Yemen's cities running out of fuel and clean water in 'imminent catastrophe,' UN says
"This imminent catastrophe is entirely avoidable," top officials said.
— -- A Saudi-led coalition fighting Yemeni rebels eased an air, land, and sea blockade of Yemen a week ago, but it is still keeping commercial ships with food and fuel from docking and unloading their cargo in the country, putting millions at risk of starving, the United Nations said this weekend.
Millions of Yemenis depend on those supplies, and without fuel, health and water facilities can’t run. So Yemen’s cities are running out of clean water, the chiefs of several United Nations agencies and other top humanitarian officials said in a statement Saturday.
“Urban water networks in seven cities have run out of fuel and now depend on humanitarian organizations to fill in the gap,” the officials said. “Other cities will shortly be in a similar situation if the blockade is not lifted, which would leave 11 million people without safe water.”
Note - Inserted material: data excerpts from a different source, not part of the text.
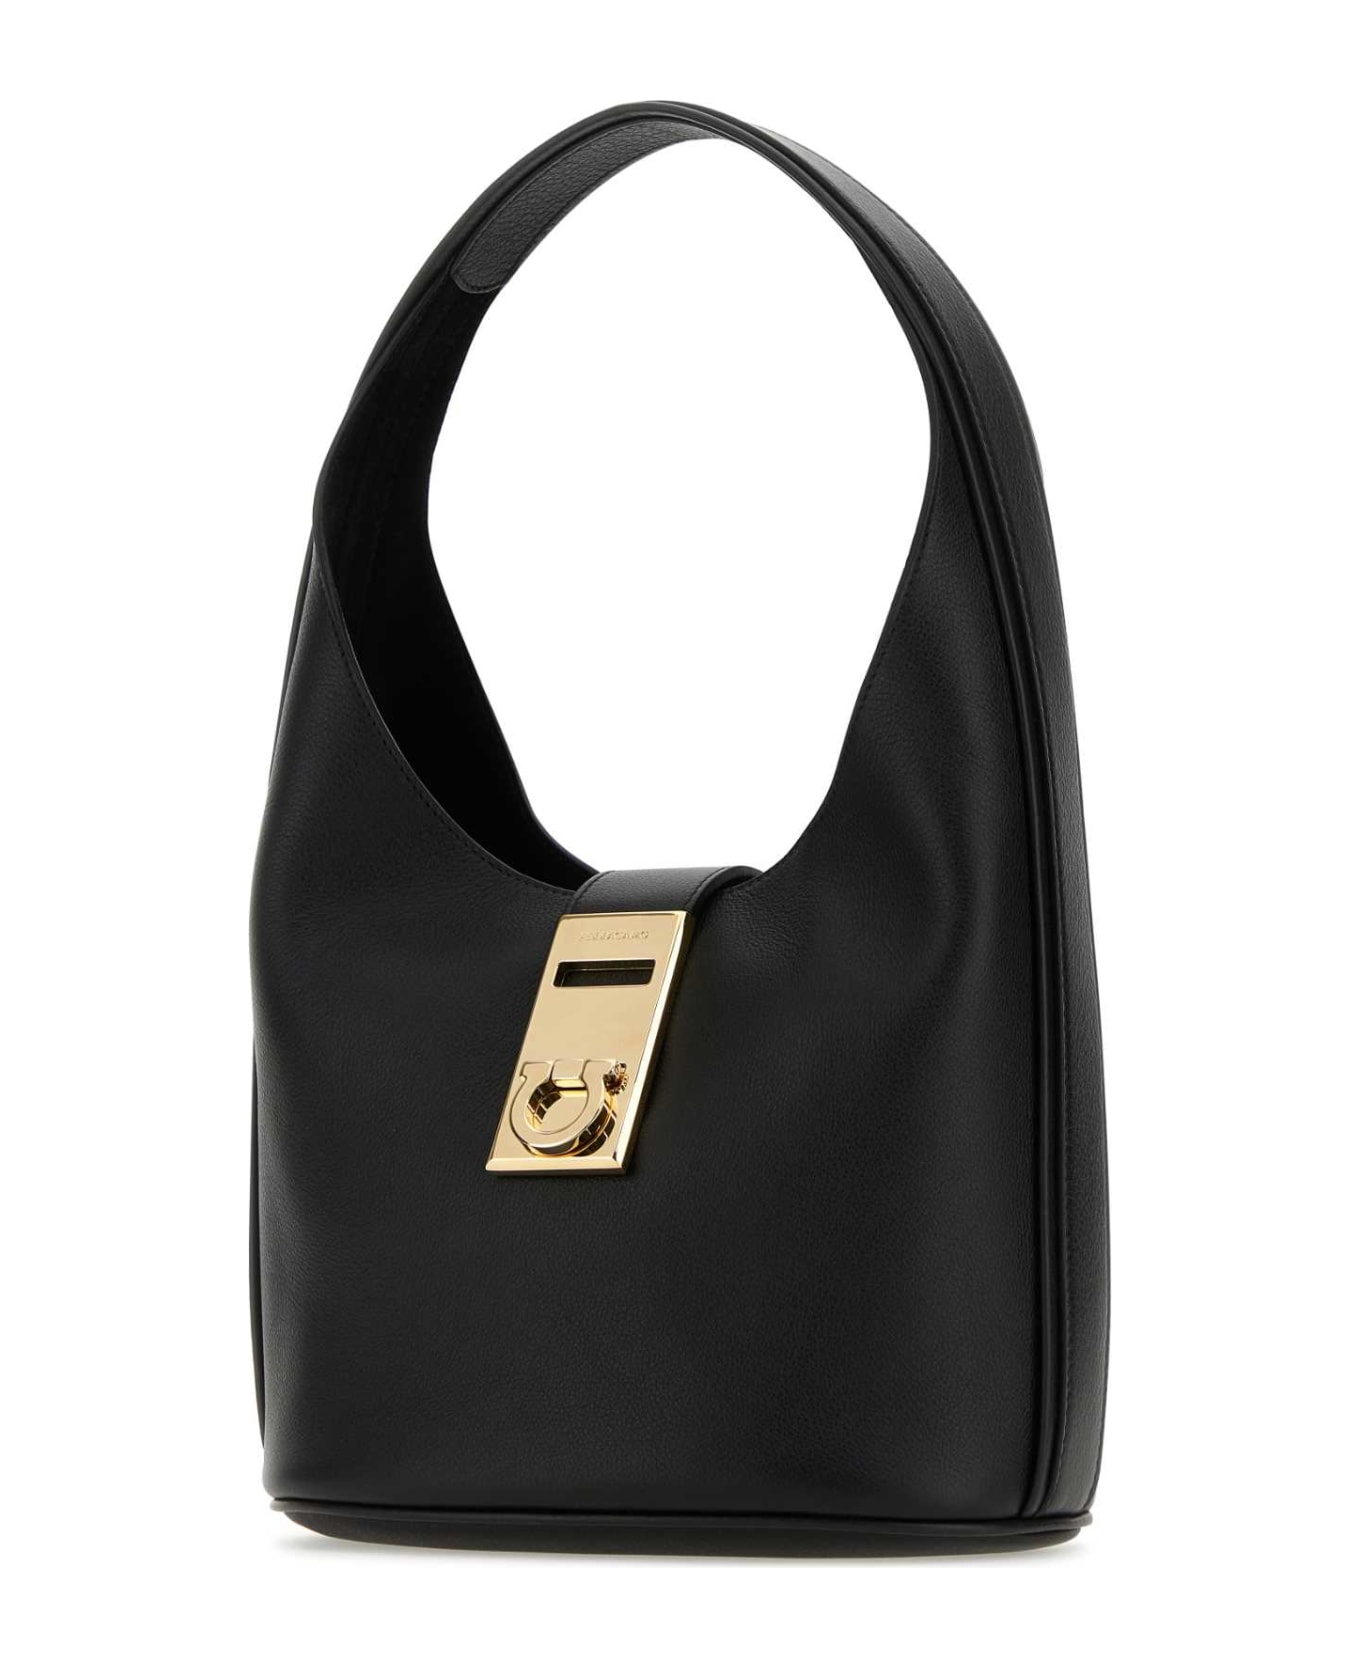 Ferragamo Black Leather Medium Hobo Handbag - NERO
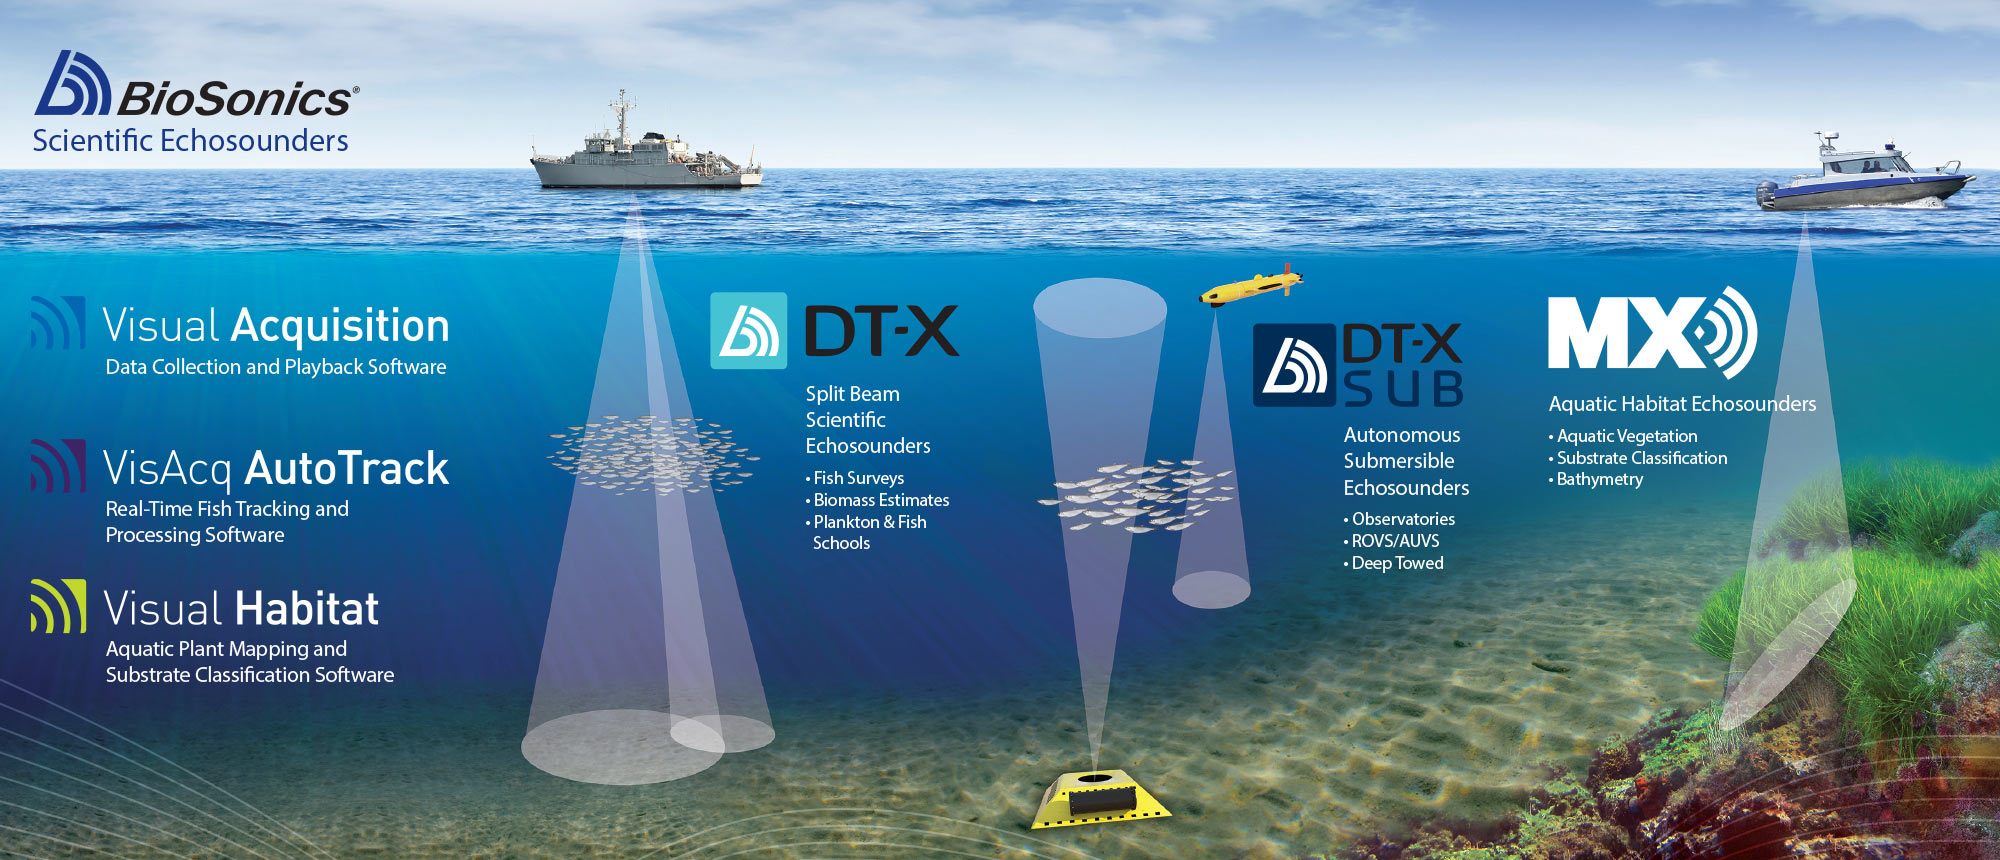 BioSonics Scientific Echo Sounders for Aquatic Ecosystems
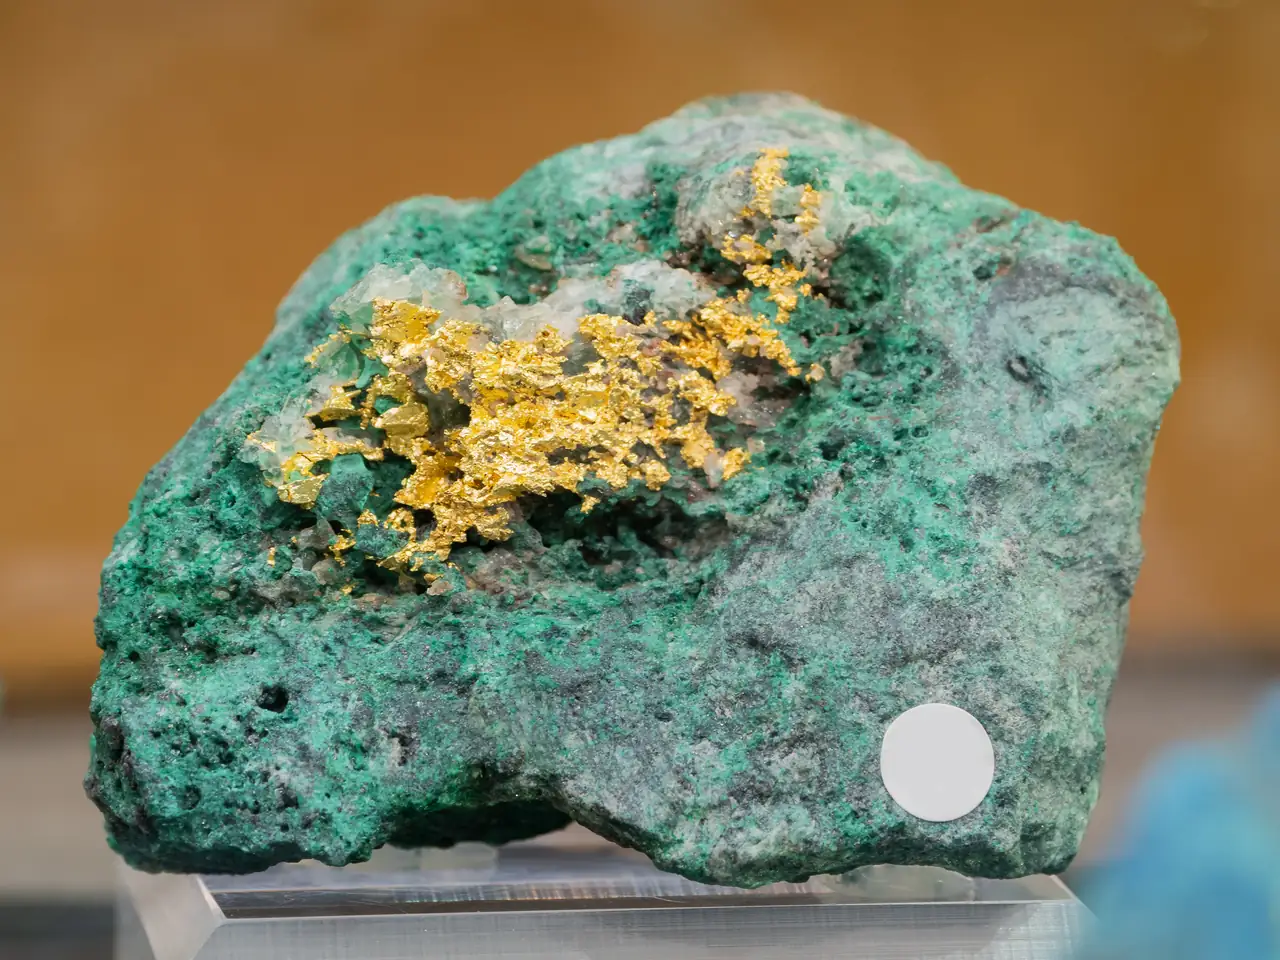 Native gold aggregate sitting on bright green shattuckite from Kaokoveld, Namibia
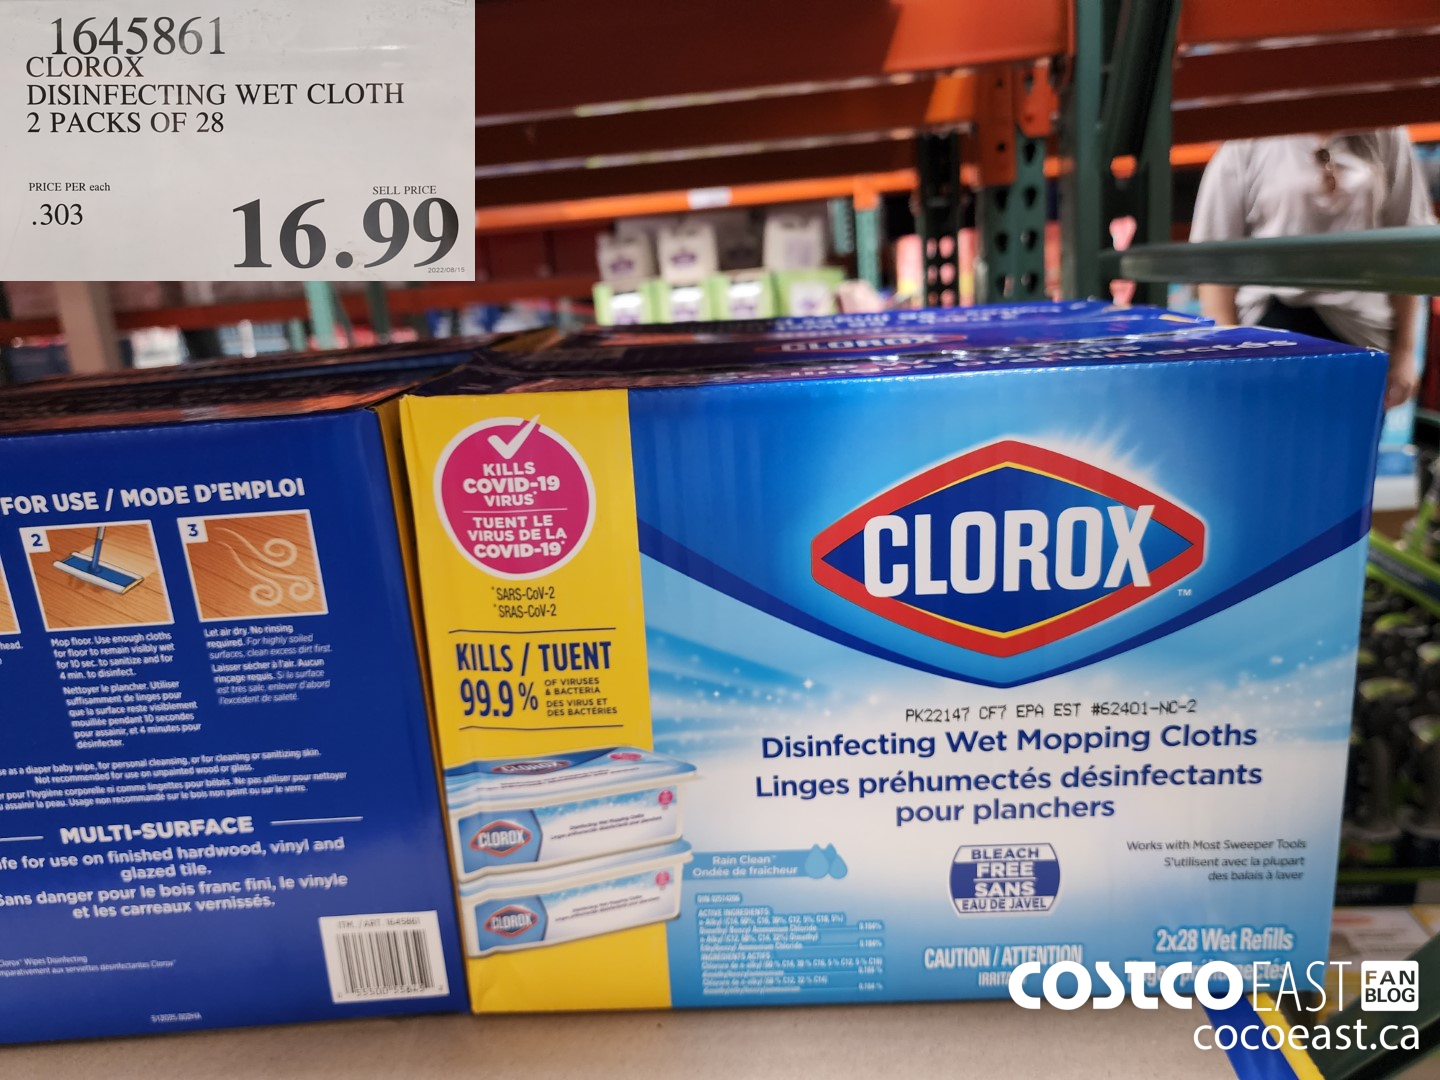 1508864 clorox microfiber dishcloth 12 x12 8pk 3 00 instant savings expires  on 2021 08 08 8 99 - Costco East Fan Blog
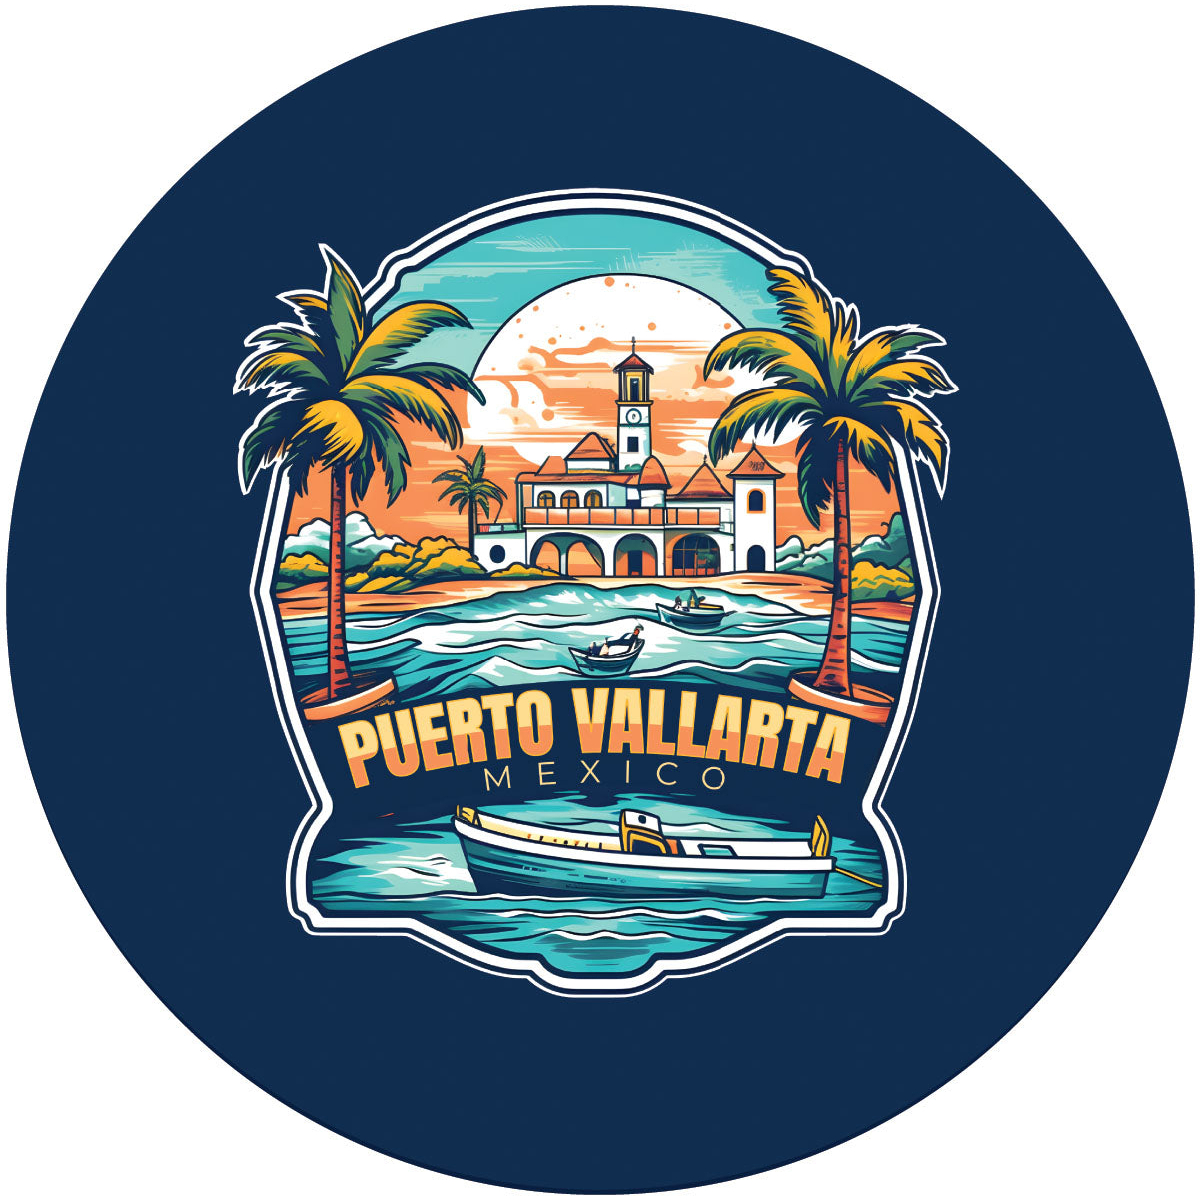 Puerto Vallarta Mexico Design A Souvenir Round Vinyl Decal Sticker - 6-Inch

A lack of commercial imports coming through Yemen’s Red Sea ports could push three million more people into starvation, they said.
“This imminent catastrophe is entirely avoidable,” the officials said.
More broadly, they said, nearly 400,000 children in Yemen suffer from severe acute malnutrition and more than eight million Yemenis “could starve without urgent food assistance coming into Yemen,” they said.
The first flight carrying humanitarian aid landed in Sanaa last weekend following a nearly three-week-long blockade by the Saudi-led coalition fighting Houthi rebels who have taken over much of Yemen, aid groups said. A ship carrying aid was able to dock a couple days later, and other shipments have made it through as well, the groups said.
But continued restrictions on commercial food and fuel imports have devastated markets and driven up prices for millions of Yemenis who do not receive humanitarian aid, putting them at risk, aid groups said. Yemen imports nearly all of its food.
The lack of fuel would lead to a “new crisis” that would compound other issues, like lack of access to clean water, UNICEF’s representative in Yemen, Meritxell Relano, told ABC News. The average price of diesel in Yemen has risen 99 percent since September, and the average price of petrol had gone up 71 percent in that period, she said last week.
“The ports need to be open so the commercial goods can come in and the markets can be activated,” Relano said. “The people cannot exist alone on food aid.”
In some areas, the price of trucked-in water has jumped 600 percent, the price of wheat flour had gone up 30 percent, and the price of wheat flour had risen 30 percent, the UN and aid officials said in their statement Saturday, without giving a timeframe.
Without fuel and water, more hospitals and health center will shut down -- less than half are currently operating -- and six cities’ sewage networks have already been compromised, the officials said.
“It’s critical that shipments of commercial food continue,” the Yemen country director for the U.N.'s World Food Programme, Stephen Anderson, told ABC News last week, “and it’s also essential that humanitarian supplies are able to flow without delays.”
All the partial lifting of the blockade on Yemen’s ports on its Red Sea coast has done, the officials said Saturday, was to “slow the collapse towards a massive humanitarian tragedy costing millions of lives.”
The statement was issued by the heads of the WFP, the World Health Organization, the United Nations Development Programme, the United Nations Children's Fund (UNICEF), and the International Organization for Migration, as well as the United Nations’ high commissioner for refugees and under-secretary-general for humanitarian affairs and emergency relief coordinator.